▶ _What to produce_
Set down, exactly and only, everything from the line containing "Fantasy Wallpaper 46" down to the line containing "UNIQOOO 60 Sheets" in the data below; the pictures are not part of the copy.

▶ _Data for review_
###
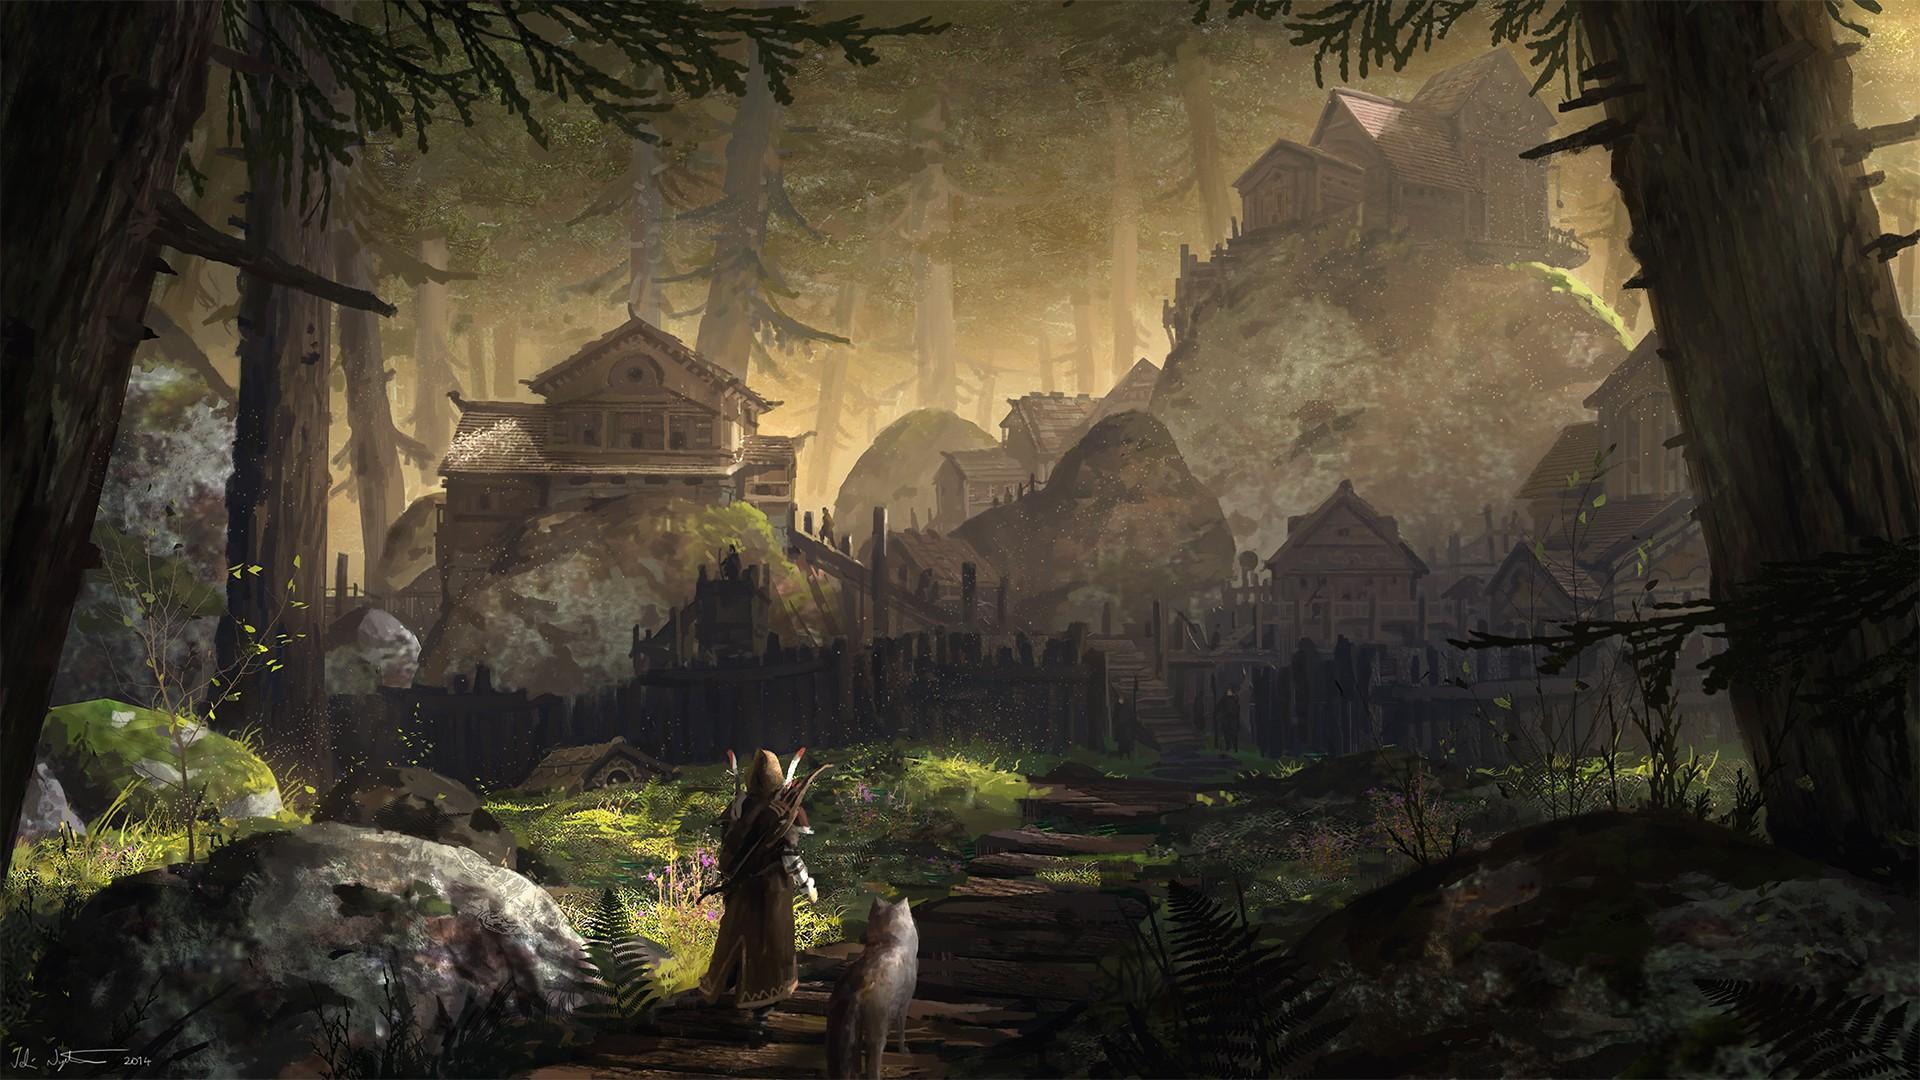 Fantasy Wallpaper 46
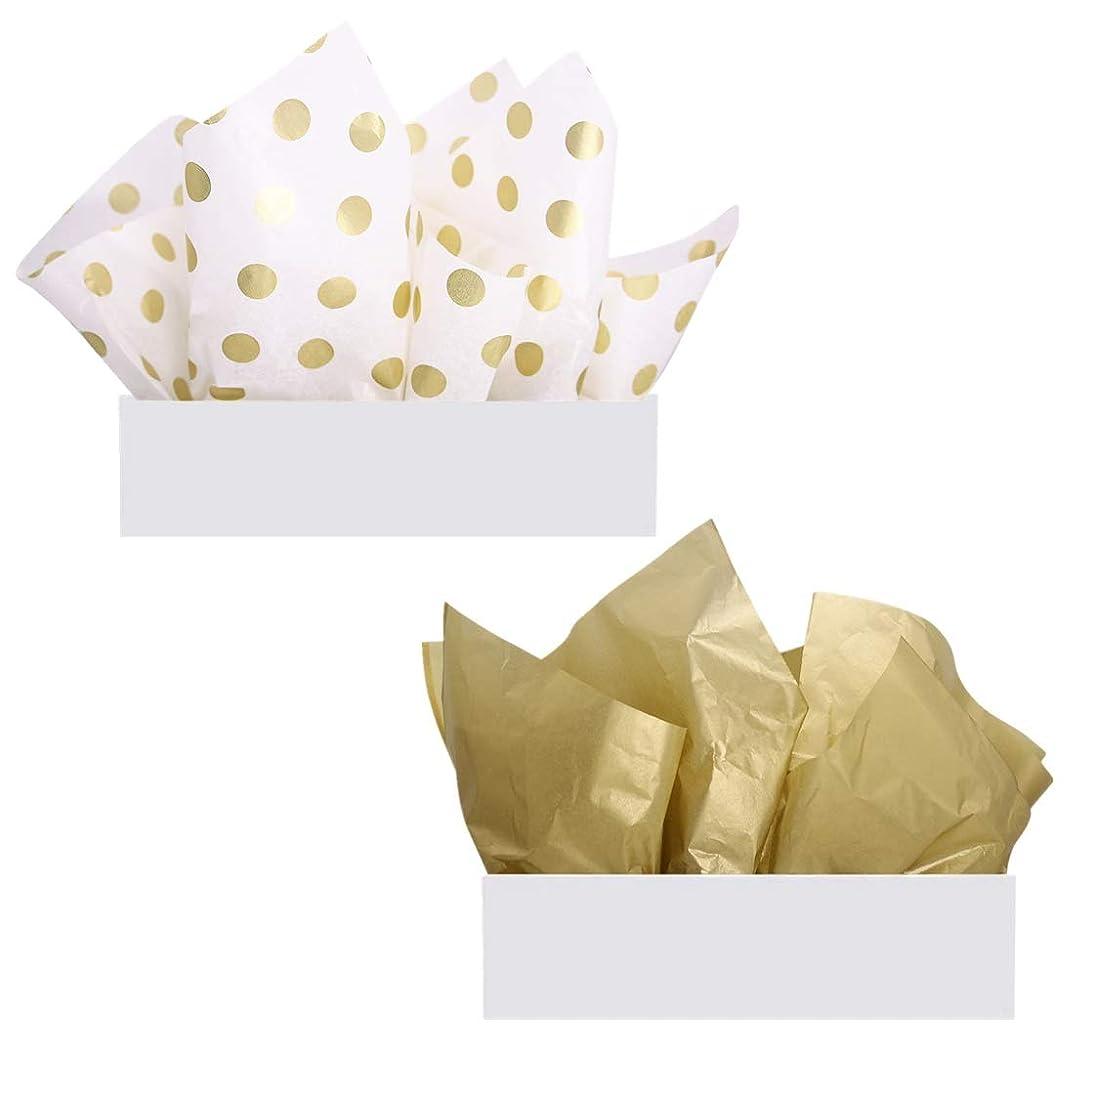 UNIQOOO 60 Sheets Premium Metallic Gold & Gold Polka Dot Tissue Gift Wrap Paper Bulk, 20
###
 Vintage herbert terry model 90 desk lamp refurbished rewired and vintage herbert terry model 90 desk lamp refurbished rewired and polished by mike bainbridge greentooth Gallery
###
▶ _Your solution_
 Fantasy Wallpaper 46
 UNIQOOO 60 Sheets Premium Metallic Gold & Gold Polka Dot Tissue Gift Wrap Paper Bulk, 20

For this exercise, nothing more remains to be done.